In this case nothing is written to the wp_postmeta table.
Workaround
Here's what I constructed as a temporary workaround:
/**
* Encode Emojis in all oembed results, if the charset for the meta_value column is utf8.
*/
add_filter( 'oembed_result', function( $html, $url, $args ) use ( $wpdb )
{
/**
* For WordPress 4.2+ where the get_col_charset method and wp_encode_emoji function where introduced.
* The charset check is based on the https://codex.wordpress.org/Function_Reference/wp_encode_emoji#Example
*/
if ( method_exists( $wpdb, 'get_col_charset' )

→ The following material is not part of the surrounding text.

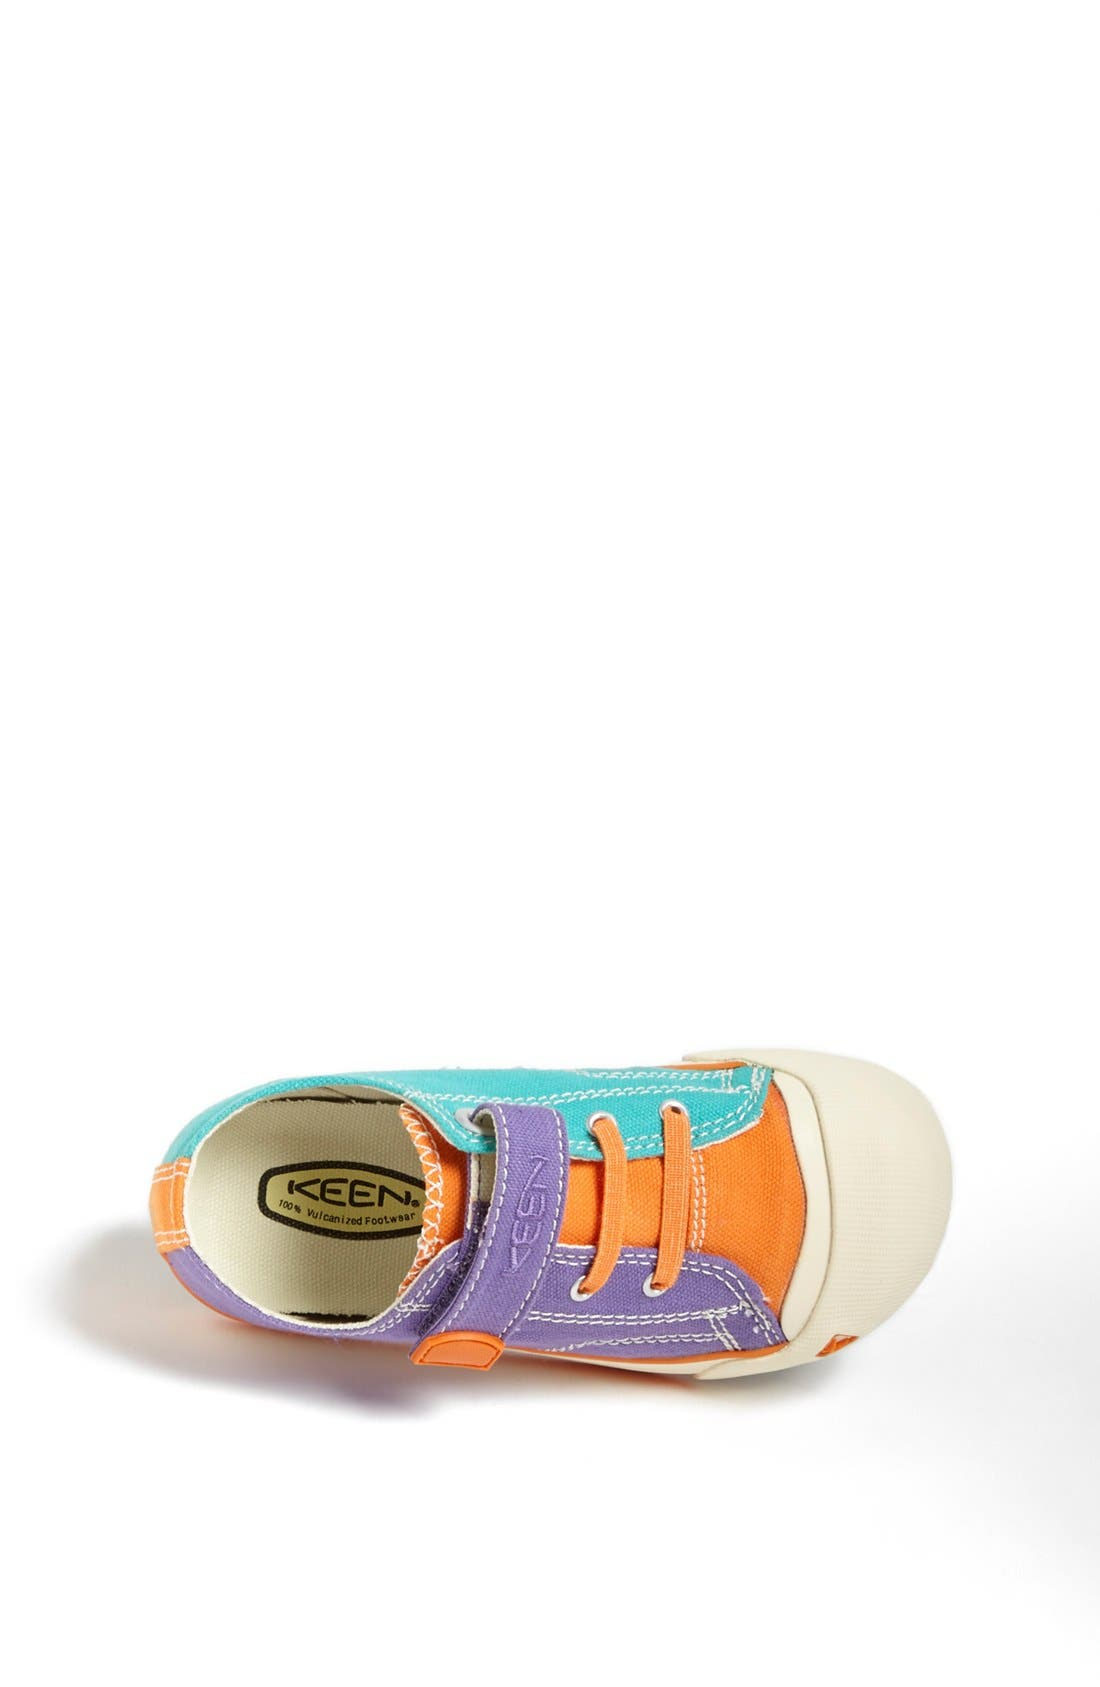 Alternate Image 3  - Keen 'Coronado' Sneaker (Toddler & Little Kid)

&& 'utf8' === $wpdb->get_col_charset( $wpdb->postmeta, 'meta_value' )
)
$html = wp_encode_emoji( $html );
return $html;
}, 10, 3 );
Suggestions
I see two possibilities to rewrite this part:
// Maybe cache the result
if ( $html ) {
update_post_meta( $post_ID, $cachekey, $html );
update_post_meta( $post_ID, $cachekey_time, time() );
} elseif ( ! $cache ) {
update_post_meta( $post_ID, $cachekey, '{{unknown}}' );
}
to fix the caching.
Suggestion 1)
// Maybe cache the result
if ( $html ) {
$updated_cachekey = update_post_meta( $post_ID, $cachekey, $html );
if( $updated_cachekey ) {
update_post_meta( $post_ID, $cachekey_time, time() );
} else {
update_post_meta( $post_ID, $cachekey, '{{unknown}}' );
}
} elseif ( ! $cache ) {
update_post_meta( $post_ID, $cachekey, '{{unknown}}' );
}
This means that only the link will show up if $updated_cachekey is false and the cache key for the time isn't written to the db as well.
We could also rewrite this to only contain a single update_post_meta() call.
Suggestion 2)
We could also extend 1) to encode the Emojis if needed:
// Maybe cache the result
if ( $html ) {
// Encode Emojis if the charset of the meta_value column is 'utf8'
if ( method_exists( $wpdb, 'get_col_charset' )
&& 'utf8' === $wpdb->get_col_charset( $wpdb->postmeta, 'meta_value' )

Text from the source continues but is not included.